- The Rani, as portrayed by (left to right) O'Mara, Panjabi and Dobson
- First appearance: The Mark of the Rani (1985)
- Portrayed by: Kate O'Mara (1985, 1987, 1993); Anita Dobson (2023–2025); Archie Panjabi (2025);
- Voiced by: Kate O'Mara (2000); Siobhan Redmond (2014–2015, 2026);

In-universe information
- Alias: Mrs Flood (Dobson's incarnation)
- Species: Time Lord
- Home: Gallifrey

= The Rani =

Character in the TV series Doctor Who

The Rani is a fictional character in the British science fiction television series Doctor Who. She is a recurring antagonist within the series. A renegade Time Lord and a nemesis of the series' title character, a Time Lord known as the Doctor, the Rani is an amoral scientist who is willing to do anything to further her research. The Rani was originally portrayed by actress Kate O'Mara, and she appears in the two classic serials The Mark of the Rani (1985) and Time and the Rani (1987), and reprised her role in the charity special Dimensions in Time (1993). The Rani subsequently appeared in spin-off material for the series, being portrayed by actress Siobhan Redmond in some audio dramas, but would not appear on-screen again until the 2005 revival's fourteenth series, where she initially appears as a recurring antagonist named Mrs. Flood, who is portrayed by Anita Dobson. This incarnation of the character "bi-generates", resulting in there being two Ranis, with the second portrayed by Archie Panjabi.

The Rani was initially created due to John Nathan-Turner, a producer on the show, wanting another Time Lord antagonist on the show. The writers of The Mark of the Rani, Pip and Jane Baker, decided to make this antagonist a woman, naming her the Rani after the Sanskrit word for "queen". The Rani would be incorporated into subsequent stories, but would not initially re-appear in the show's eventual 2005 revival. Though planned for a 2013 revival, the character would not re-appear on-screen until 2023's "The Church on Ruby Road," as Mrs. Flood. Russell T Davies enjoyed Dobson in the part and thus brought her back for further appearances. Mrs.

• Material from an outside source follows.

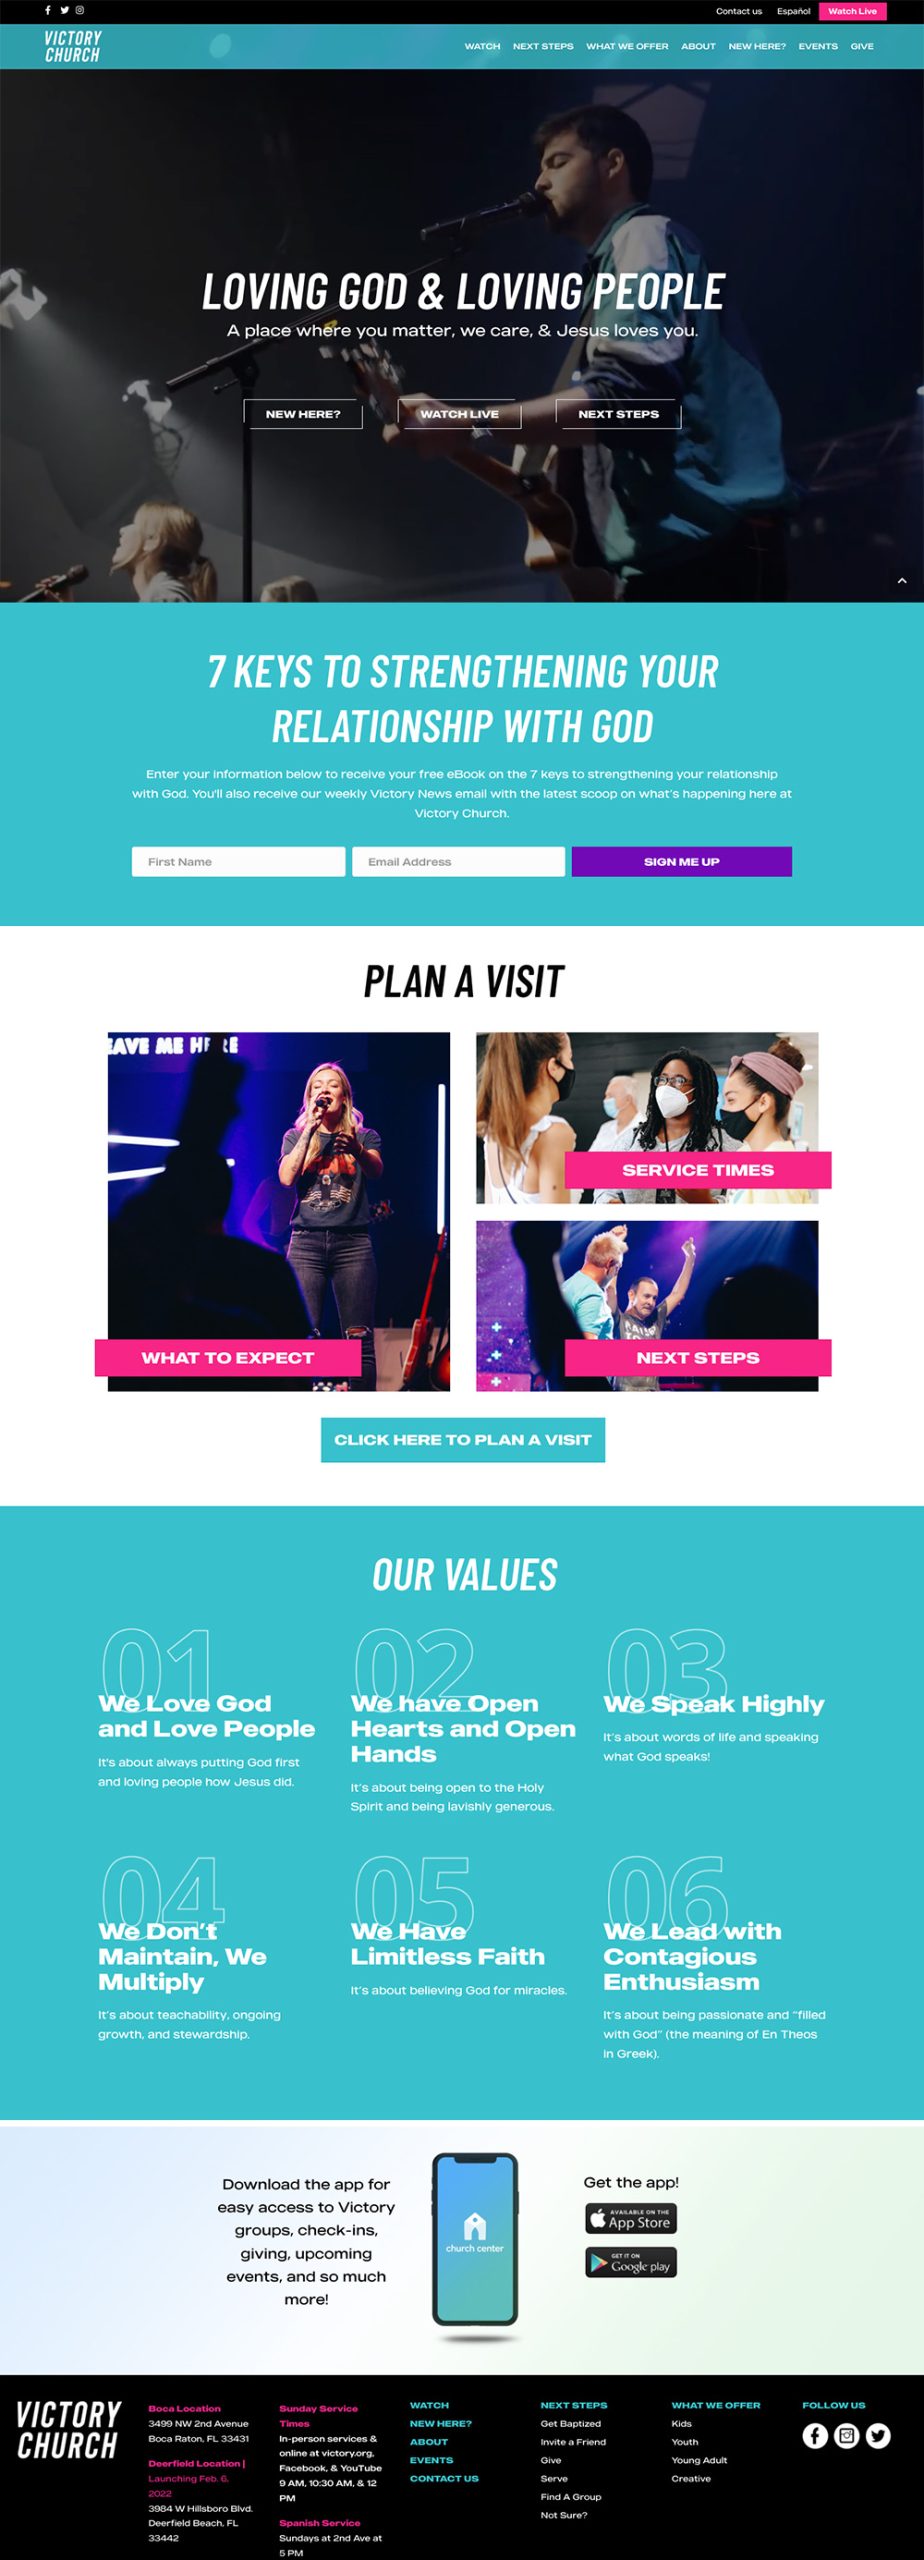 Victory Church Website Design By Red Van Creative

Flood was played as a mysterious character, and during filming of series fourteen, showrunner and writer Davies was still unsure of what her true identity should be. He eventually decided on the Rani. The character would have her identity revealed on-screen in 2025's "The Interstellar Song Contest," which introduced Panjabi's incarnation. Davies desired an Indian actress in the part, reflecting the origin of the Rani's name, and contacted Panjabi personally to play her.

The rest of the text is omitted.